The investment firm decided that the businesses must be sold within 3 days, prior to its stockholders meeting. The principals of the firm wanted to announce the disposal of these businesses, which would increase stockholder share value and increase the stock price.
Working through Thanksgiving and the weekend, ARG managed to purchase both businesses and positioned senior consultants by Monday.
ARG personnel knew in advance that the retail stores were never going to be profitable and thus immediately placed the business into a pre-packaged bankruptcy, primarily due to many of its leases being in poor locations and low store volumes.
We then proceeded to liquidate the assets of the company and conducted an auction to sell of the leases and fixtures.

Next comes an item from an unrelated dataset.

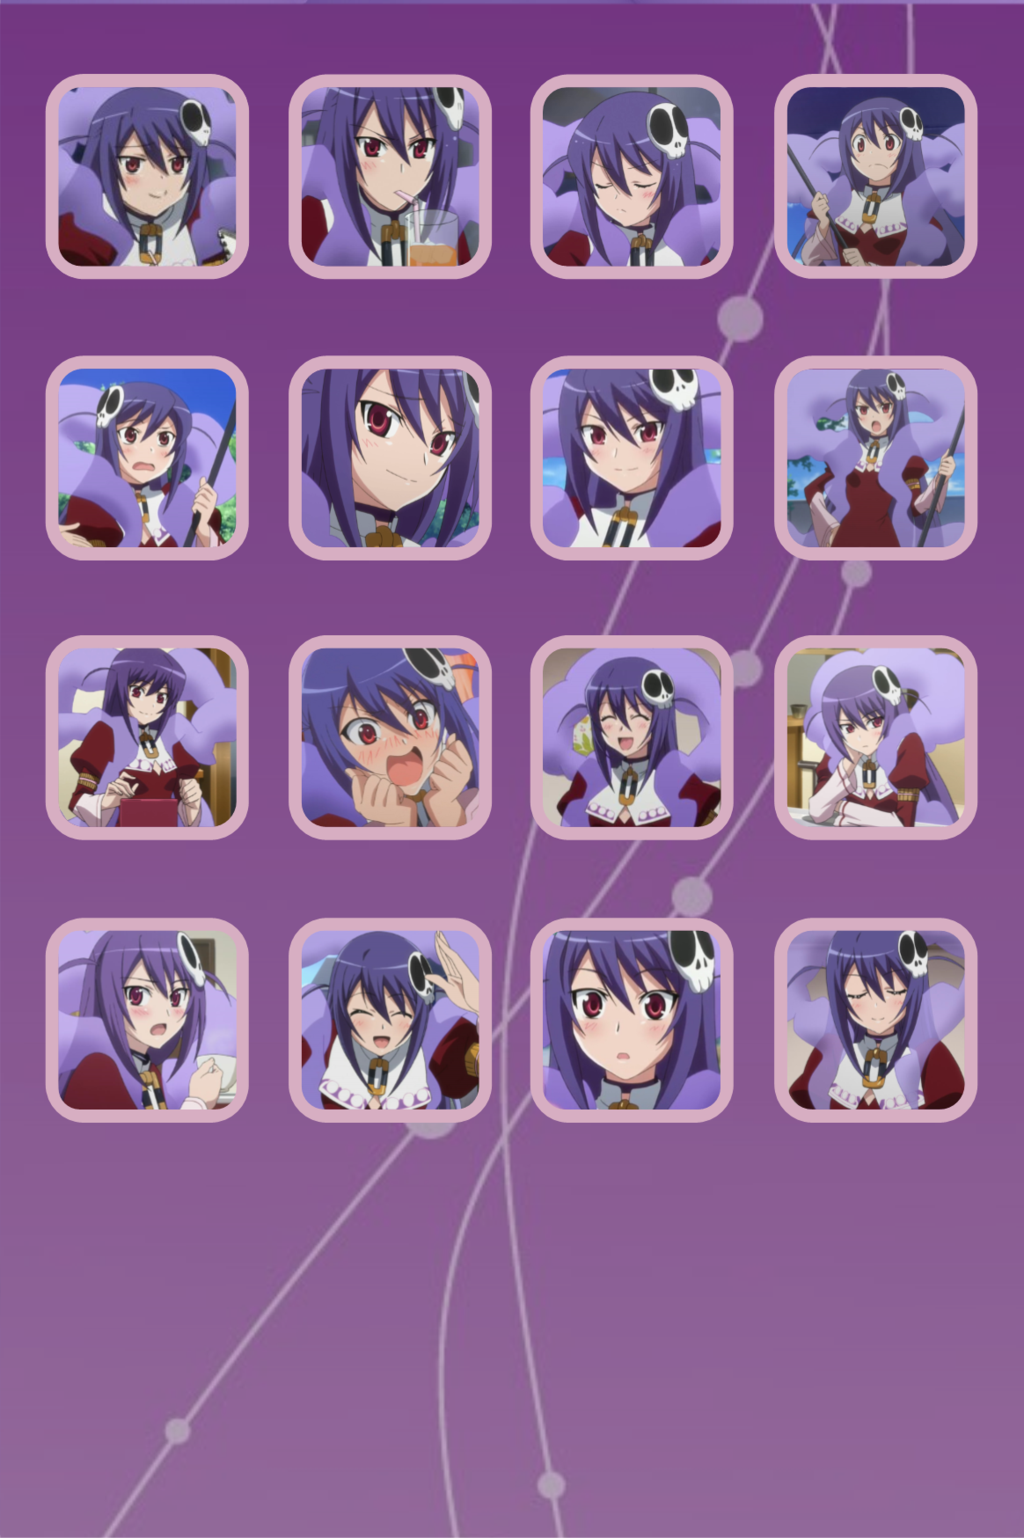 The world god only knows - Haqua Ipod wallpaper by QuarianDerpy on ...

The manufacturing facility located in North Carolina, owed close to $1 million to a major asset based lender. ARG made the decision to operate the facility until the lender was made whole and a buyer was found to buy the building and hopefully maintain employment at the plant. In a little over 3 months, the bank was paid off, major retail accounts had their orders fulfilled, and a buyer was located to buy the plant, which ARG had an
obligation to purchase from the landlord (a large multinational manufacturer).
In the end, the secured creditors received full funding, unsecured received an out of court settlement,and the employees were able to keep their jobs.
The end result...The public companies stock went from $4.50 to over $20 within the year. The company was relieved of its personal obligations. The secured lender was made whole. Manufacturing employees were offered employment. The public company that owned the manufacturing facilities was finally paid after waiting 3 years for payment.